[Task instructions] Take the data below and copy exactly the lines starting at the one with "Lounas-Cateringpalvelu Kahden Kölvin" and finishing at the one with "映画「トランスポーター」のDVD発売や動画配信予定をチェック", both included.

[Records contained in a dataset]
- - - - - - -

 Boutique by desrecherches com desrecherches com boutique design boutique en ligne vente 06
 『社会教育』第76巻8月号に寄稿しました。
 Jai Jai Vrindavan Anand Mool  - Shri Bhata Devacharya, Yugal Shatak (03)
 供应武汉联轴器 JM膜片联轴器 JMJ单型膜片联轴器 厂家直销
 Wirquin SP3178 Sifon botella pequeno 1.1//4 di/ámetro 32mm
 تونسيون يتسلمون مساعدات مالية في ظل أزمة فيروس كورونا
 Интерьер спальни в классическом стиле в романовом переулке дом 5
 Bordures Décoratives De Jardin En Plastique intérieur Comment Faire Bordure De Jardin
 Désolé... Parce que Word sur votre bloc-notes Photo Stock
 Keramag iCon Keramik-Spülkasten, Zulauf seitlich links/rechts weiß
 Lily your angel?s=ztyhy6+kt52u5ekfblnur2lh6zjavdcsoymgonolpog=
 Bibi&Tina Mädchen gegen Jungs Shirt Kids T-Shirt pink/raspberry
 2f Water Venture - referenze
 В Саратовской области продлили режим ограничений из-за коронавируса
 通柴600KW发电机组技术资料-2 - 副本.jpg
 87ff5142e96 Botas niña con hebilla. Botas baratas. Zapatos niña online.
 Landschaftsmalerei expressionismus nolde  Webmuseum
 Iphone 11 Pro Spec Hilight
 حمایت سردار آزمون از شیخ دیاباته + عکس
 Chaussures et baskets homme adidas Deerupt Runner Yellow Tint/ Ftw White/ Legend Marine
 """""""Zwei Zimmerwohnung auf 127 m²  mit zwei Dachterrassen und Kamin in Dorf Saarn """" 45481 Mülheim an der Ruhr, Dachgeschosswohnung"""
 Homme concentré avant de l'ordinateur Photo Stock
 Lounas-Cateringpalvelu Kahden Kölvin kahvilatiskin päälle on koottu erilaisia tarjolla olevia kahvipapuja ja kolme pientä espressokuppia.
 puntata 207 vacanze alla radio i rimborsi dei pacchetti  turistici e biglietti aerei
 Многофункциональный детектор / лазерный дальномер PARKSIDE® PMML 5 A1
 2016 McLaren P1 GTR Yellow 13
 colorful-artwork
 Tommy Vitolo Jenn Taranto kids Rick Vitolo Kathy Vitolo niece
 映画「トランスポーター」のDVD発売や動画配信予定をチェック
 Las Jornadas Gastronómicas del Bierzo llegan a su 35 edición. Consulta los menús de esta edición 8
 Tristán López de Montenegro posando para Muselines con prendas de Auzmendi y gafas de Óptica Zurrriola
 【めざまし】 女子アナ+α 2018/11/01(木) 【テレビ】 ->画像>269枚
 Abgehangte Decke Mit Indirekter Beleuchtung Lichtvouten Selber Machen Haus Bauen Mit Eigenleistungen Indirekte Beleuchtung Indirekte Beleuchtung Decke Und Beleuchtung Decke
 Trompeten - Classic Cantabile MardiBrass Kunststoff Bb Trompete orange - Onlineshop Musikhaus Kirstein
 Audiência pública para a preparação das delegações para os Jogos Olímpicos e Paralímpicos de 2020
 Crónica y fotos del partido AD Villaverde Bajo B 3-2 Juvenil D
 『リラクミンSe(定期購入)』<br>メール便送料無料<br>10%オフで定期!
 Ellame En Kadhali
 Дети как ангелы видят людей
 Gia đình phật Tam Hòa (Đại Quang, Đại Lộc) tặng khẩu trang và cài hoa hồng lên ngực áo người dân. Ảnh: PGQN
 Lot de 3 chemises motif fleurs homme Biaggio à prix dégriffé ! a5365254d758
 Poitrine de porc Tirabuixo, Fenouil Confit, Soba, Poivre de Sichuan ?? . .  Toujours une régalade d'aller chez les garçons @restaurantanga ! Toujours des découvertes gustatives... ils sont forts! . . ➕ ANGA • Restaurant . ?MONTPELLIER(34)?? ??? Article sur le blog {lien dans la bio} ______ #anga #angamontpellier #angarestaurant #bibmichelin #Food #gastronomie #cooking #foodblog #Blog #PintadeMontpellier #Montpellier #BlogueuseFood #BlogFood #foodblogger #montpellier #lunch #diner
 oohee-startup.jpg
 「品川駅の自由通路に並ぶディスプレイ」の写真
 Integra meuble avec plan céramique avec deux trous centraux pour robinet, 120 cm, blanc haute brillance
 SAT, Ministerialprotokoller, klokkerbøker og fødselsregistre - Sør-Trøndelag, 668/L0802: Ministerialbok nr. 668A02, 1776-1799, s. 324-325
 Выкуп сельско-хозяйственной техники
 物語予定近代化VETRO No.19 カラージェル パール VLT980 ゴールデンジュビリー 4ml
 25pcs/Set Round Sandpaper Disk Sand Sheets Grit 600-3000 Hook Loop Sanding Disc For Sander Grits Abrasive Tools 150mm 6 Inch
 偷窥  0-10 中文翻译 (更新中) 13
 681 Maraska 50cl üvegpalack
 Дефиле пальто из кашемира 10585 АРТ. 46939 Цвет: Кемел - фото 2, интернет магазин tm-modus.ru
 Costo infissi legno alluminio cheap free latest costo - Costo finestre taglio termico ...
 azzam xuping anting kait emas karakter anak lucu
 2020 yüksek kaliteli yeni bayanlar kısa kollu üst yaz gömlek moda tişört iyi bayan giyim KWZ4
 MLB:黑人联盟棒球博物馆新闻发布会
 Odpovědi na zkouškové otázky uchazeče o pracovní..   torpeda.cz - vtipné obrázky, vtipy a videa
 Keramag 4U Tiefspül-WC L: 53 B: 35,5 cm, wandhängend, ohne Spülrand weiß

- - - - - - -

[Solution]
 Lounas-Cateringpalvelu Kahden Kölvin kahvilatiskin päälle on koottu erilaisia tarjolla olevia kahvipapuja ja kolme pientä espressokuppia.
 puntata 207 vacanze alla radio i rimborsi dei pacchetti  turistici e biglietti aerei
 Многофункциональный детектор / лазерный дальномер PARKSIDE® PMML 5 A1
 2016 McLaren P1 GTR Yellow 13
 colorful-artwork
 Tommy Vitolo Jenn Taranto kids Rick Vitolo Kathy Vitolo niece
 映画「トランスポーター」のDVD発売や動画配信予定をチェック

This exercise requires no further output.